All of the data, except its images, should be set down exactly as it appears.

● Dataset extract
● ● ● ●

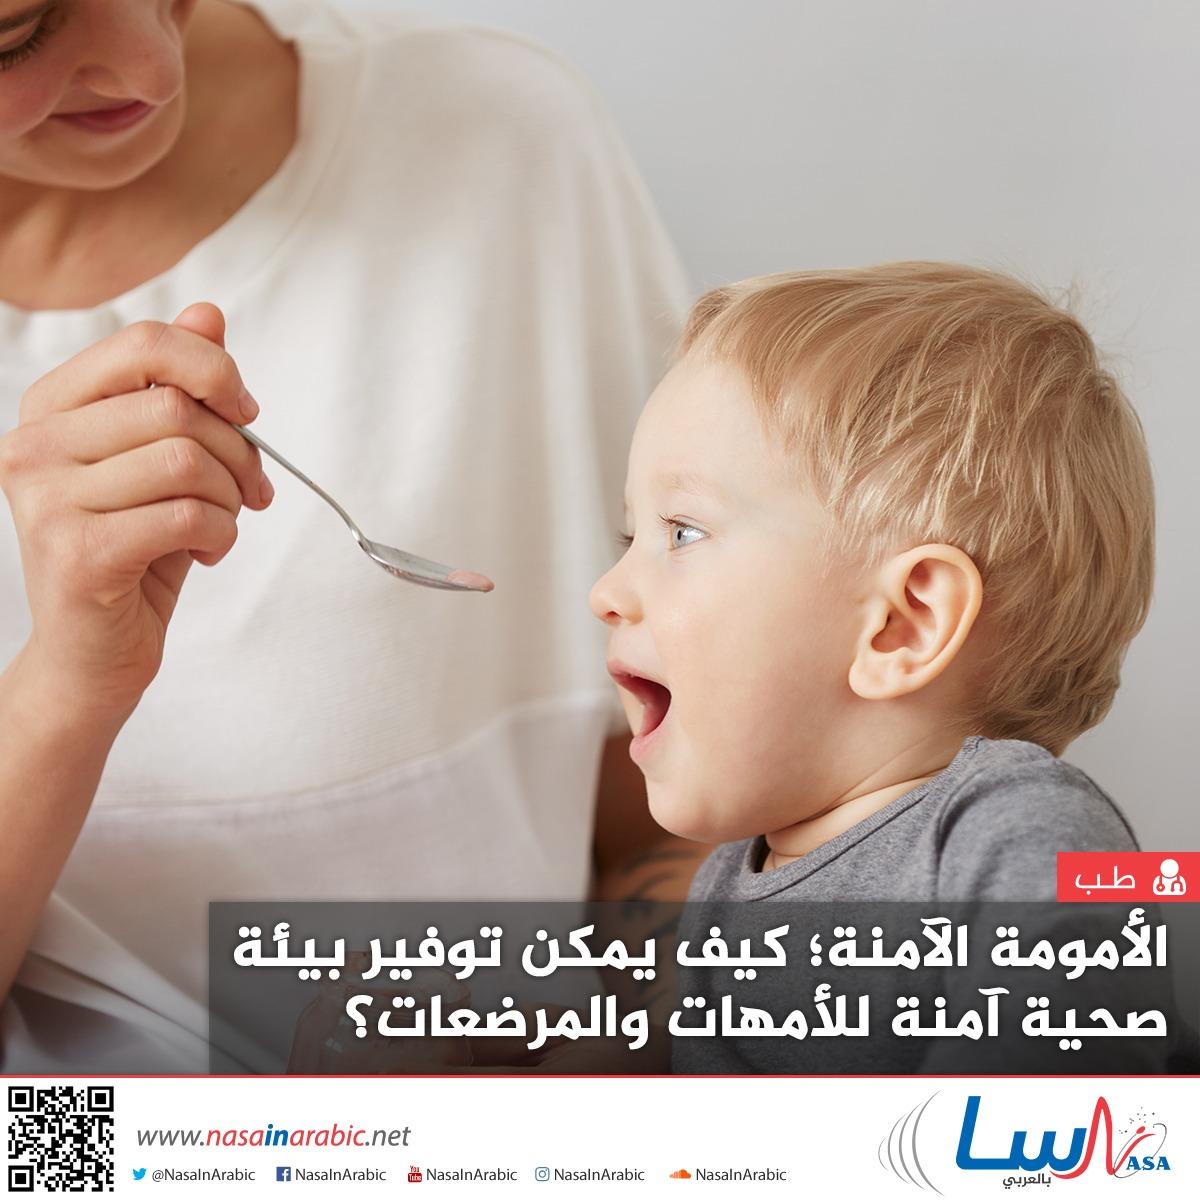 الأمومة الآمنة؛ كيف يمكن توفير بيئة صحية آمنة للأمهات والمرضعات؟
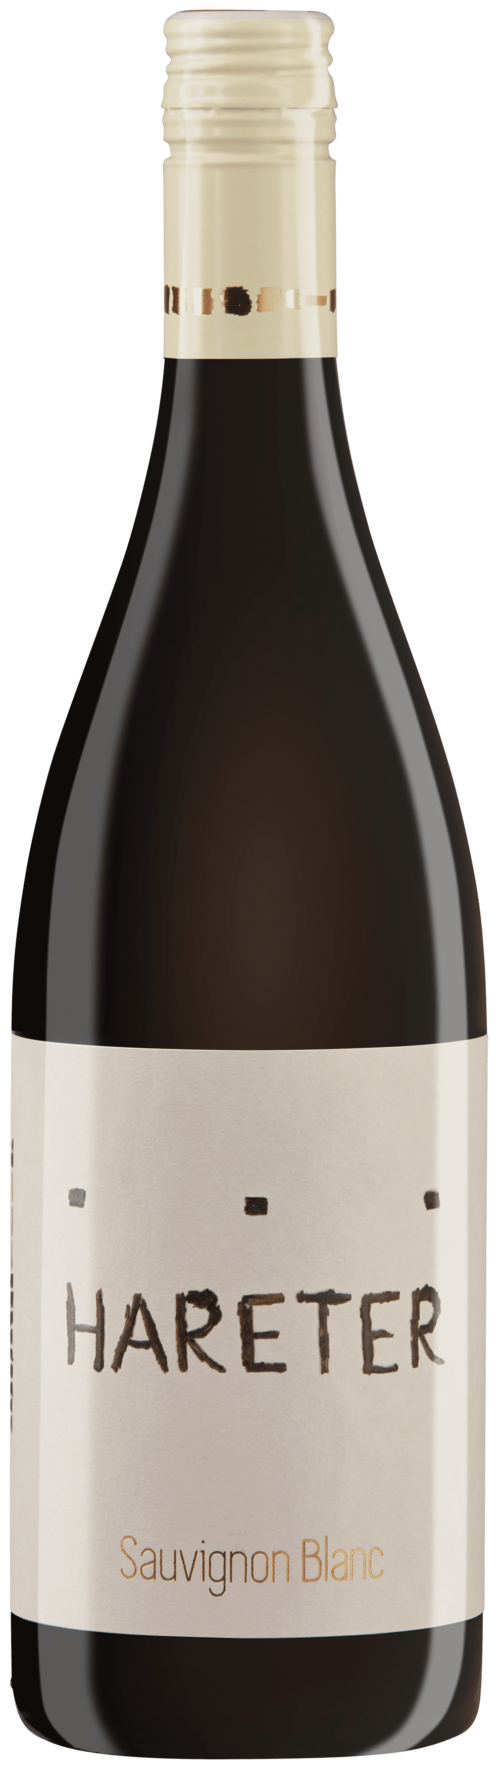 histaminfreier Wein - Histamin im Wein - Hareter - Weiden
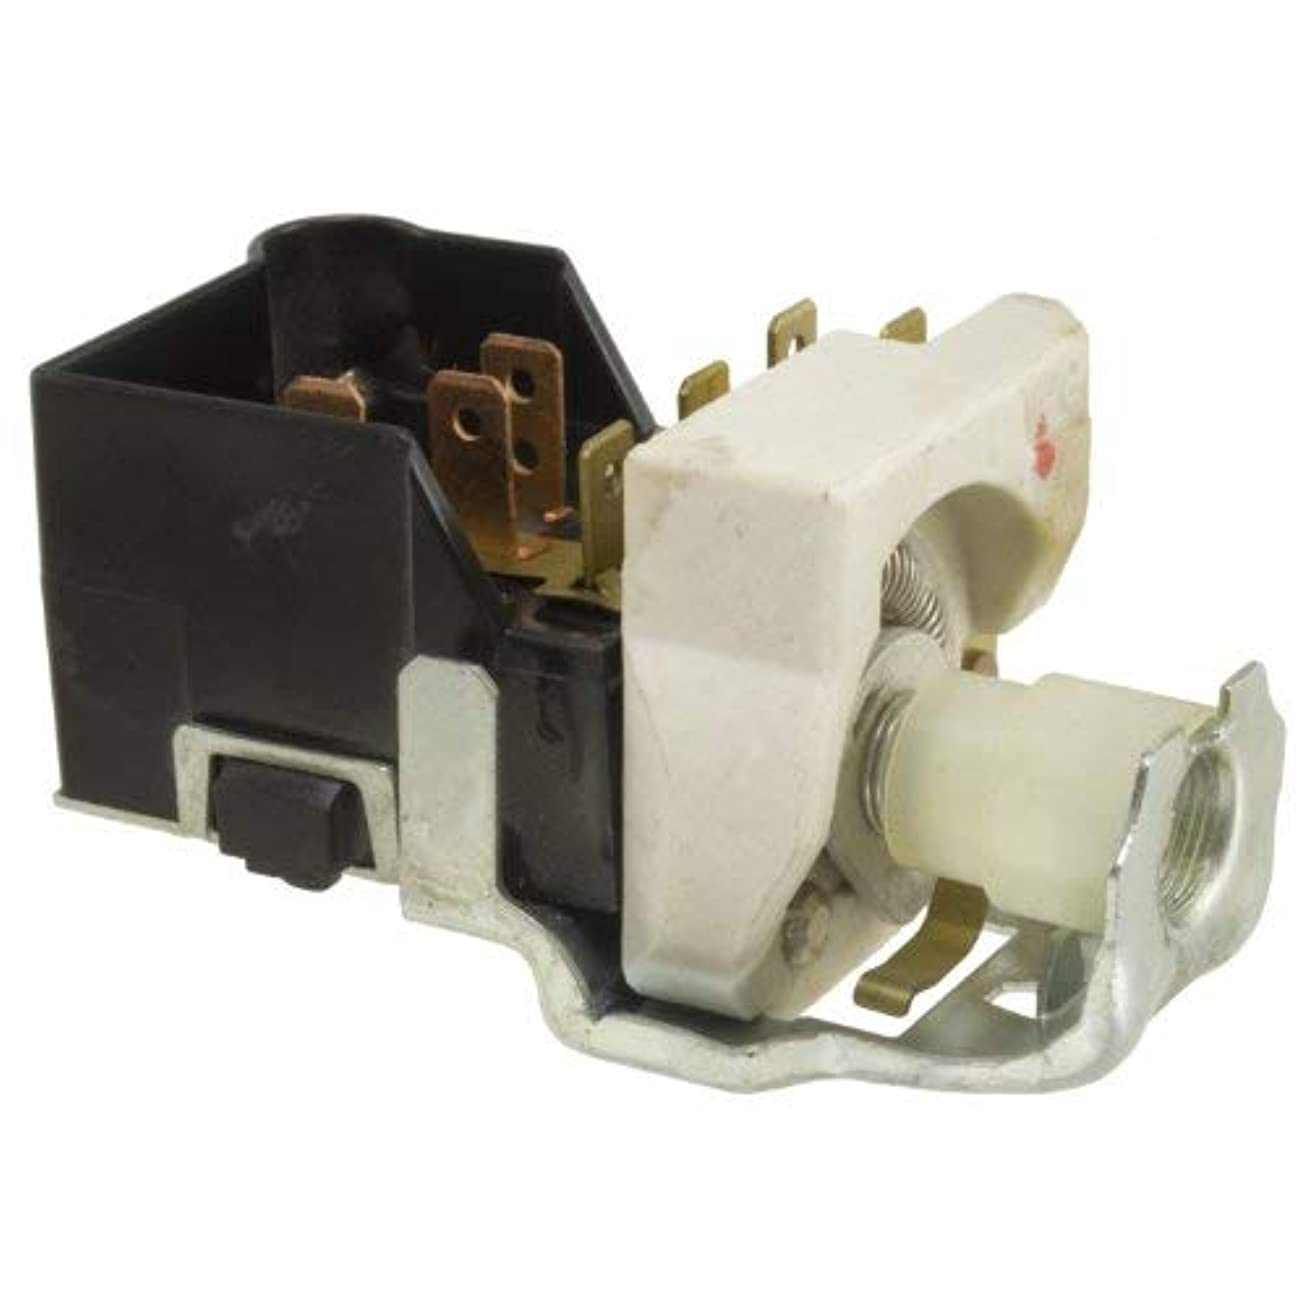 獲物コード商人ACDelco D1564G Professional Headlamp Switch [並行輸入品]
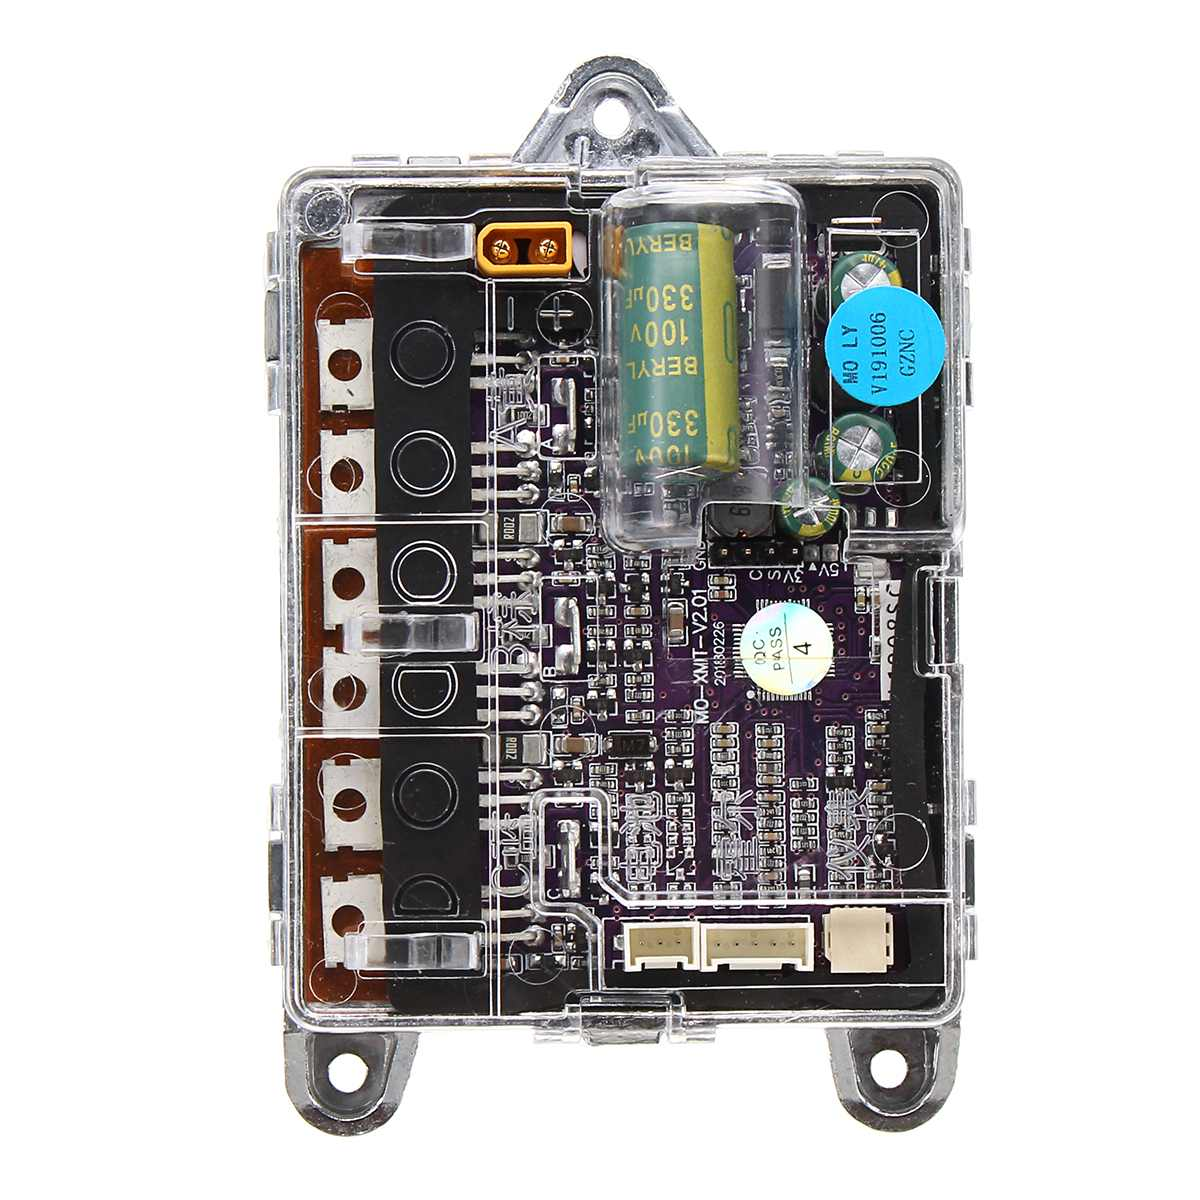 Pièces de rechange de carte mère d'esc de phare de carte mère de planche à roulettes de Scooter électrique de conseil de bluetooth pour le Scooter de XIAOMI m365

● ● ● ●

● Written reply
 الأمومة الآمنة؛ كيف يمكن توفير بيئة صحية آمنة للأمهات والمرضعات؟
 histaminfreier Wein - Histamin im Wein - Hareter - Weiden
 獲物コード商人ACDelco D1564G Professional Headlamp Switch [並行輸入品]
 Pièces de rechange de carte mère d'esc de phare de carte mère de planche à roulettes de Scooter électrique de conseil de bluetooth pour le Scooter de XIAOMI m365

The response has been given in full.